Notwithstanding, a claimant is not entitled to benefits under the statute unless the claimant is, in fact, disabled, no matter how egregious the ALJ's errors may be. Strauss v. Comm'r of the Soc. Sec. Admin., 635 F.3d 1135, 1138 (9th Cir. 2011) (citing Briscoe ex rel. Taylor v. Barnhart, 425 F.3d 345, 357 (7th Cir.2005)).Where evidence has been identified that may be a basis for a finding, but the findings are not articulated, remand is the proper disposition. Salvador v. Sullivan, 917 F.2d 13, 15 (9th Cir. 1990) (citing McAllister ); Gonzalez v. Sullivan, 914 F.2d 1197, 1202 (9th Cir. 1990). In this case, remand is the proper disposition so that the ALJ may properly consider and address all of the evidence.
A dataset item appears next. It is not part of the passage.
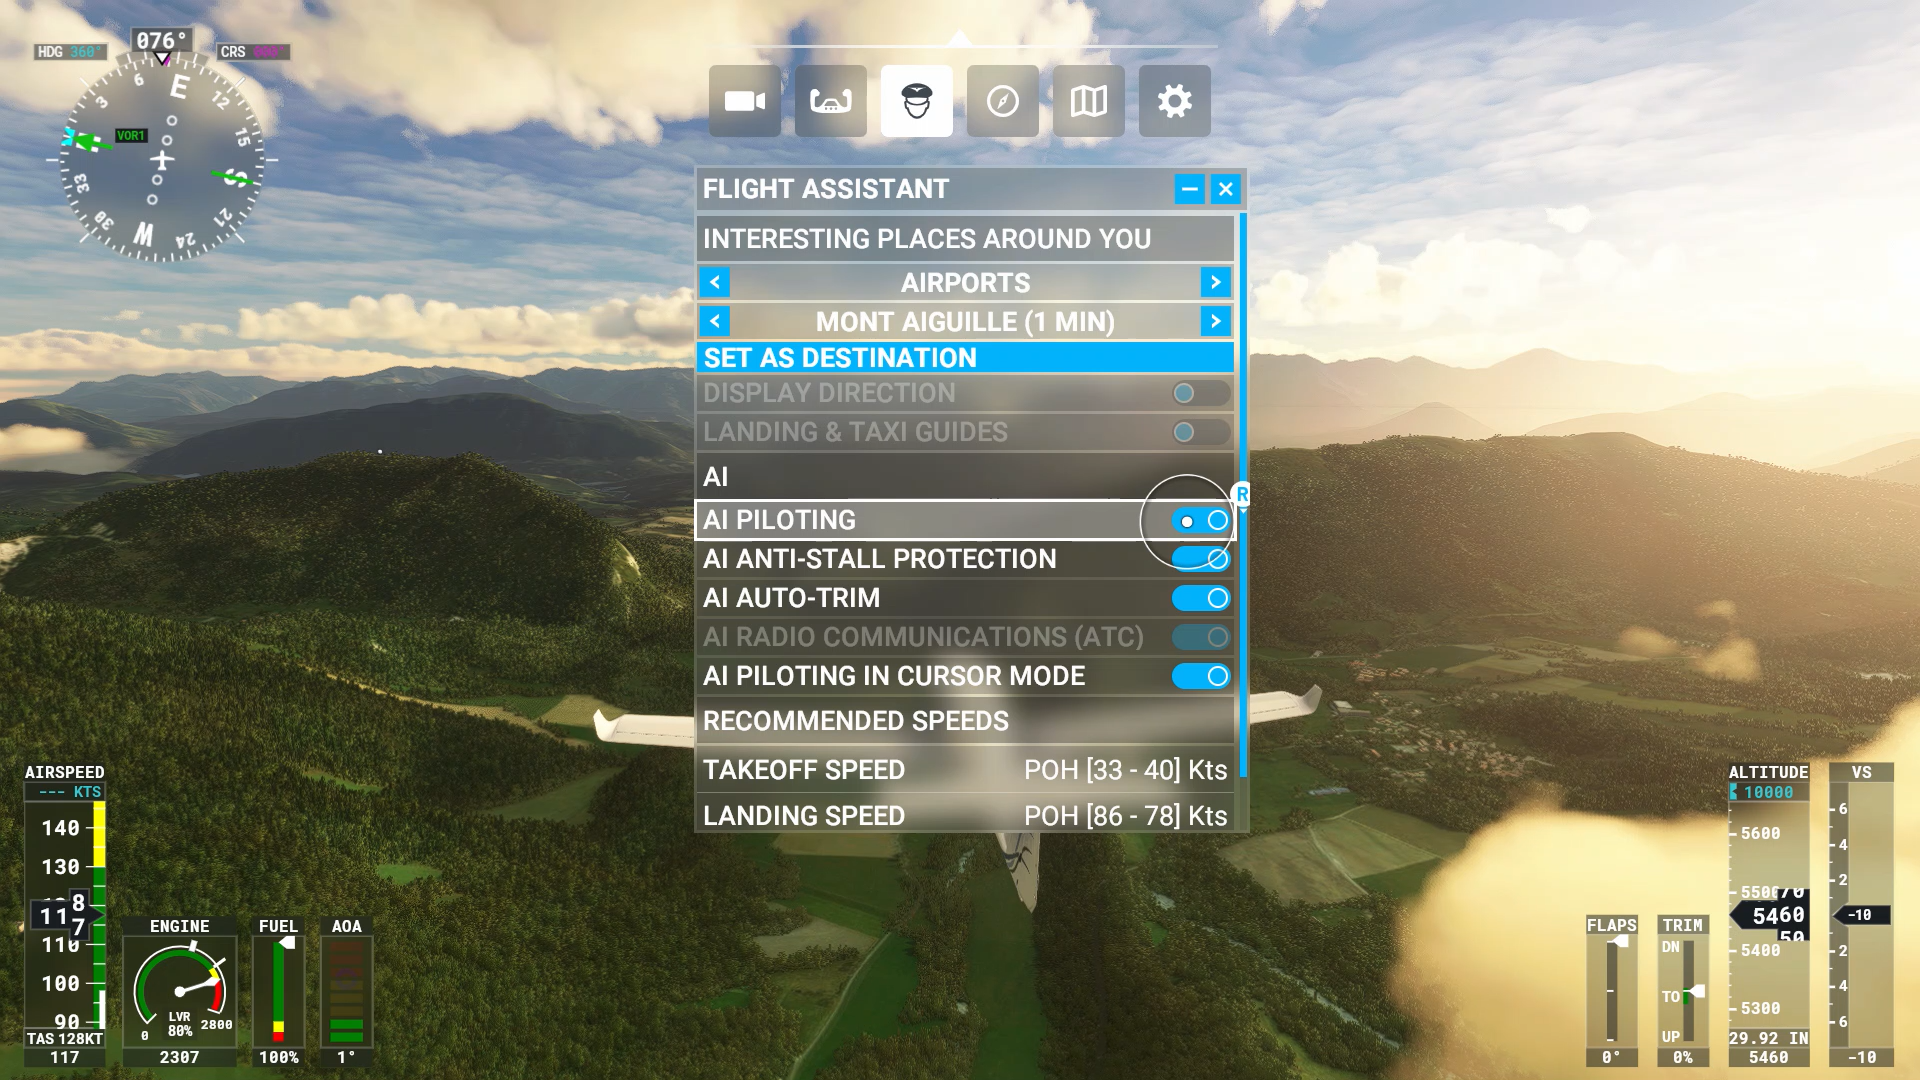 A screenshot of the Flight Assistant options.

The ALJ's decision is not supported by substantial evidence and free of legal error. This matter must be remanded for proper consideration of all of the opinion evidence. On remand, the ALJ should provide legally sufficient reasons for rejecting any medical or psychological opinions. A new step four finding is also necessary.


1. Plaintiff's Motion for Summary Judgment (ECF No. 15) is GRANTED. The matter is remanded to the Commissioner for additional proceedings pursuant to sentence four 42 U.S.C. 405(g).

2. Defendant's Motion for Summary Judgment (ECF No. 16) is DENIED.

3. An application for attorney fees may be filed by separate motion.

The District Court Executive is directed to file this Order and provide a copy to counsel for plaintiff and defendant. Judgment shall be entered for plaintiff and the file shall be CLOSED.